Une vidéo publiée ce vendredi montre le parc Trillo, dans le quartier de Cayo Hueso, à Centro Habnaa, complètement envahi par les déchets, une nouvelle preuve de la détérioration des services publics dans la capitale cubaine.
Les images diffusées sur son profil Facebook par l'utilisateur Maykel Chapotín sous le hashtag #cayohuesoalvivo, montrent le périmètre du site en question complètement envahi par des cartons, des sacs plastiques, des vêtements et des déchets organiques qui s'étendent sur la zone du parc.
Au fond, on observe des immeubles résidentiels tandis que les déchets envahissent l'espace public.

"Entre la peste et les vers, où allons-nous nous arrêter ?", a écrit l'auteur en accompagnant la vidéo, une question qui résume le malaise de nombre de Havanaiens face à la dégradation de l'hygiène urbaine.
Les commentaires n'ont pas tardé à se multiplier et ont convergé sur le fait que la situation dépasse les limites de ce parc. "C'est comme ça dans toute La Havane, dans tous ses municipalités", a affirmé un utilisateur.
Un autre a résumé la situation par une phrase qui a rapidement gagné en visibilité. "Regardez la capitale de Cuba, quel horreur."
Le parc Trillo est l'un des espaces les plus connus du Centre Habana.

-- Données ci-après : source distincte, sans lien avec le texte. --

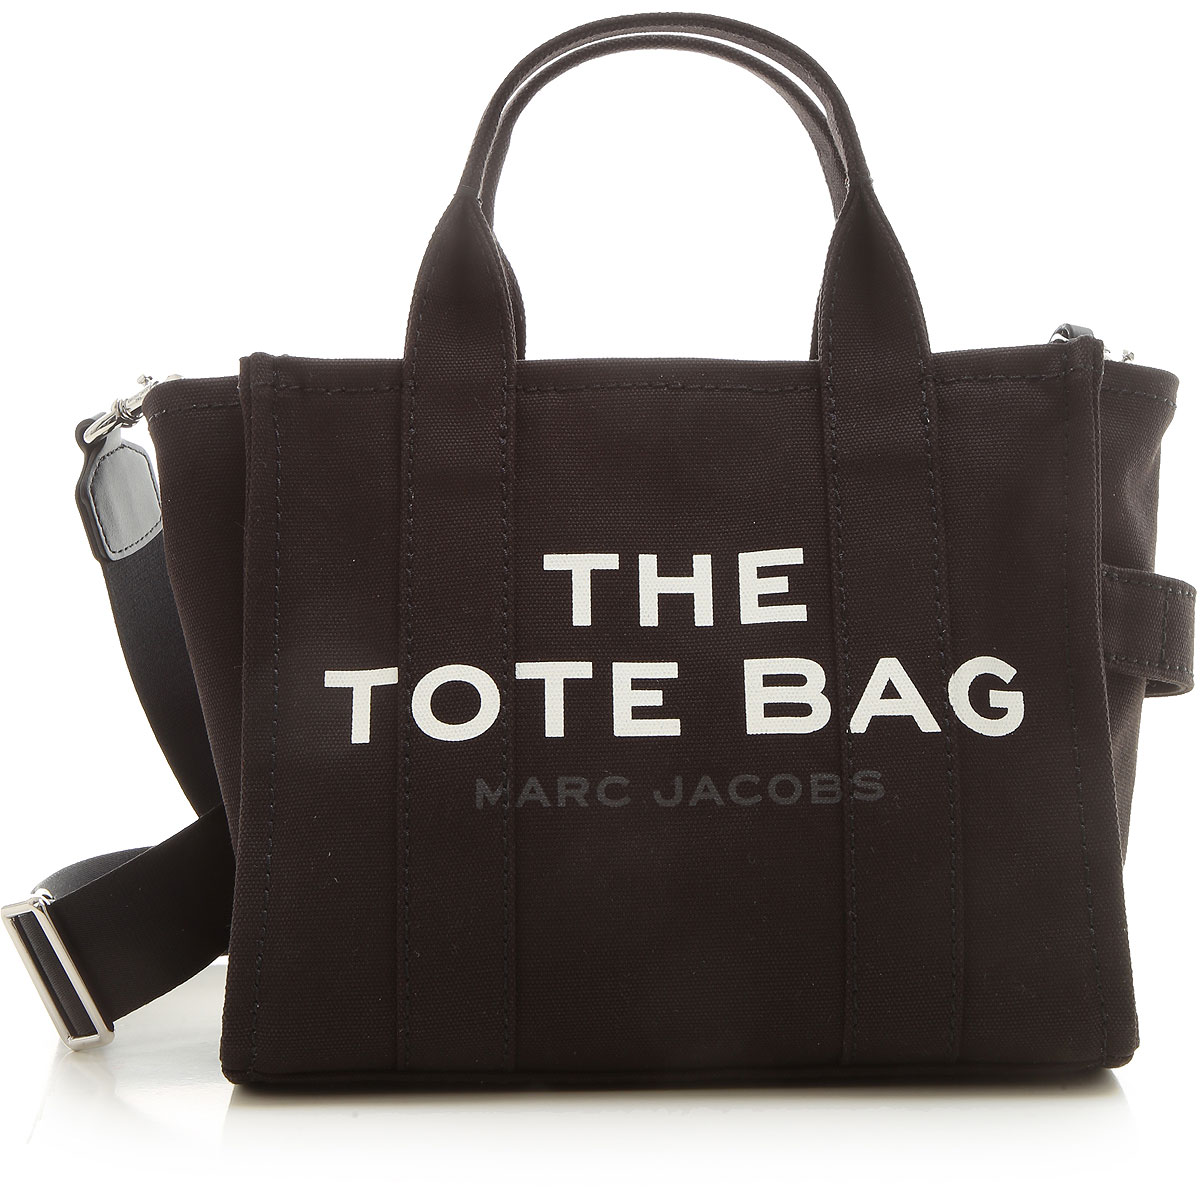 Handbags Marc Jacobs, Style code: m0016493-001-

Situé entre les rues San Rafael, San Miguel, Aramburu et Hospital, il abrite depuis 2009 le Palais de la Rumba ainsi que la statue de Quintín Bandera.
La rumba promue à cet endroit a été reconnue par l'Organisation des Nations Unies pour l'éducation, la science et la culture (Unesco) comme patrimoine immatériel de l'humanité en 2016.
La collecte des déchets à La Havane reste gravement affectée depuis des mois en raison du manque de carburant et de la détérioration du parc de camions. Sur les 106 véhicules de collecte dont dispose la capitale, seuls 44 restent opérationnels, soit à peine 41 % du total.
La ville produit quotidiennement entre 24 000 et 30 000 mètres cubes de déchets solides, mais la capacité de collecte est insuffisante et des milliers de mètres cubes restent accumulés chaque jour.
À cela s'ajoute le déficit de conteneurs, car La Havane dispose d'environ 10 000 conteneurs alors qu'elle aurait besoin de 20 000 à 30 000 pour gérer le volume de déchets qu'elle génère.
La dégradation des conditions sanitaires a également accru l'inquiétude quant à la propagation des maladies. Cuba a terminé l'année 2025 avec au moins 81 909 cas officiels de dengue et de chikungunya et 65 décès. En juin de cette année, le Ministère de la Santé Publique a activé la surveillance épidémiologique en raison du risque de nouveaux foyers.
La désespérance a poussé des habitants de quartiers comme Lawton et Alamar à brûler les déchets accumulés en raison de l'absence de ramassage.
À la fin juillet, la journaliste Yoani Sánchez a dénoncé l'incinération à l'air libre de déchets à El Vedado et a averti de la pollution qui affecte les résidents.
La crise des déchets coïncide avec d'autres problèmes qui détériorent la qualité de vie dans la capitale. Plus de 500 000 Havanais ont été privés d'approvisionnement régulier en eau pendant le mois de juillet, tandis que les coupures de courant prolongées continuent d'affecter le fonctionnement des services essentiels.
L'historien Julio César González Pagés a résumé la situation avec une phrase qui reflète la dégradation de la ville. "La Havane entre décharges et excréments arrive l'été avec peu d'eau, d'hygiène et de médicaments, ravivant le pire de son époque coloniale".